Naturally, this will only work if you’ve shown your character to be a bit of a lush, or irresponsible already.

Poor time management skills can also feature in a character’s back story – you never know what kinds of contacts you might make playing on-line games like World of Warcrack. All those strangers who don’t seem to have anything better to do than be someone else in a fantasy game might just have the insight or skills your character needs to deal with this week’s big bad. And think of all the trivia you can learn from watching too much late night TV or hanging out with the discovery channel playing in the back ground. And if your modern character who wastes her time hanging out at the yarn shop happens to drop through a time portal, well she just might be able to survive even though she was about to lose her totally modern secretarial job.

Don’t think that all of this time management stuff for characters is about how they get to slouch around like a bunch of half hearted high school students.

The plot demands a certain amount of attention. Characters who ignore the plot don’t do any better than students who don’t pay attention to their teachers. They might be able to pull it off for a short time, but sooner or later it’s going to show up in their grades or lack of readers. So while your character is making their choices about what to do with their time, it still has to be plot oriented. Having your bandit fleeing hero stop off for a pint only works if it advances the plot. Your WoW player needs to get some benefit from the game or it shouldn’t be mentioned.

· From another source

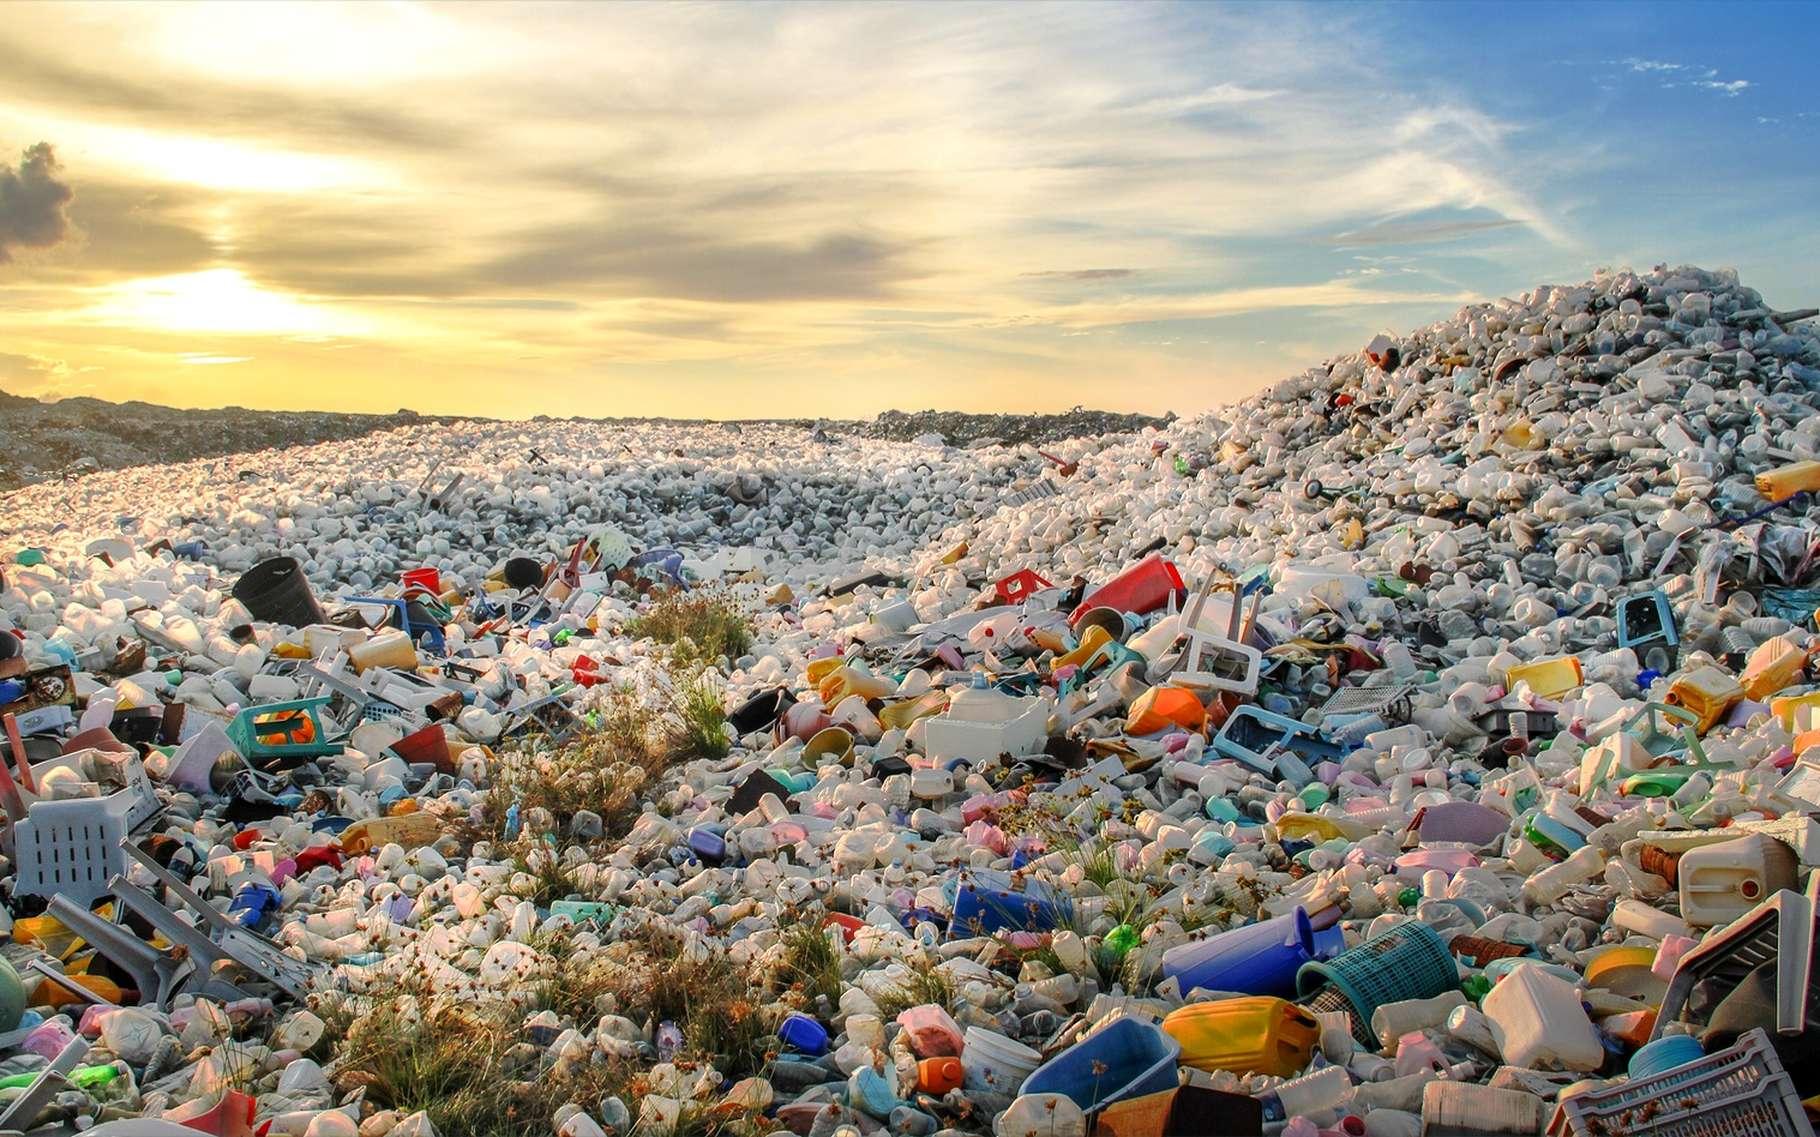 Des montagnes de déchets s'amoncellent dans le monde. Il y a urgence. © Mohamed Abdulraheem, Shutterstock

When it comes to the plot, your character needs to be as disciplined as you are about writing. Only your character can’t look like they are plot oriented, that’s just a little too weird. In other words, you as the writer have to use your character’s natural state of time management to advance the plot. This is where the creativity comes in. You get to design your plot to match your character’s flaws. So you can place the important clues in the bars and pubs for your alcoholic hero and ensure that your knitter falls into a time when skill in yarn arts is a blessing. That character who plays WoW would fit in a plot that involved amateur war or war like fighting. Thereby turning their poor time management into an asset.

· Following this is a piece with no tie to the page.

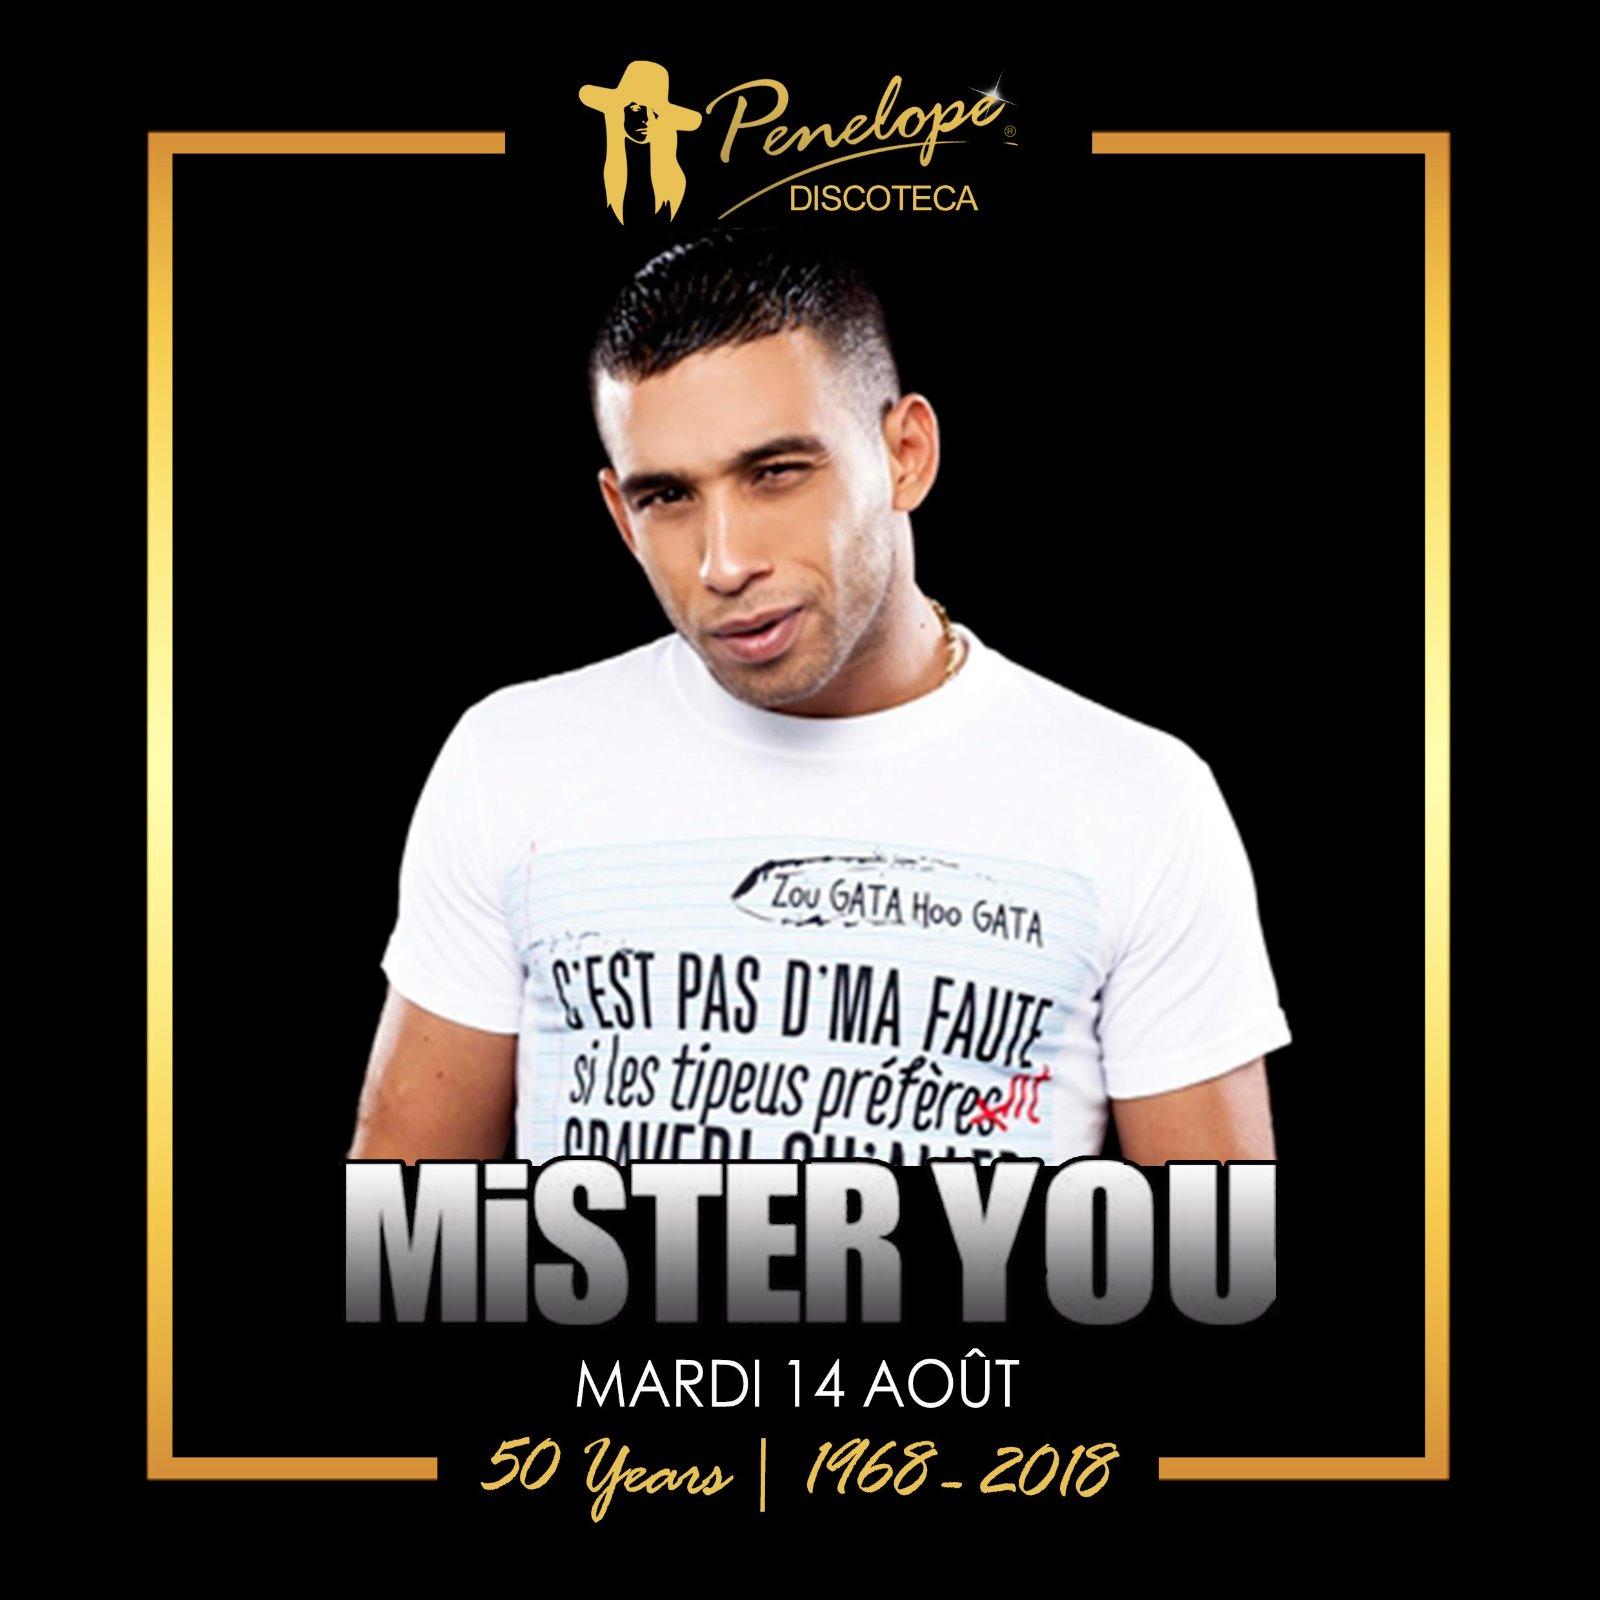 mister-you-en-penelope-benidorm-5b6d5b0f

Other fun things to do with time management in stories is to pair the planner with the pantser. They will drive each other nuts, and provide a fun spectacle for your readers. Or, take just the planner and move things so fast he never has a chance to plan. Take the pantser and put her in the situation that will only work if you plan ahead. Take your laziest character and make her work her but off or send your workaholic on a family vacation. This, of course, is all part of the “put your characters in uncomfortable situations” school of story telling.

The take away from all of this is that you, the writer, need to be diligent about your time management and aware of your character’s. There are a lot of factors that go into both, but knowing them will give you the basis for all kinds of fun and productive writing.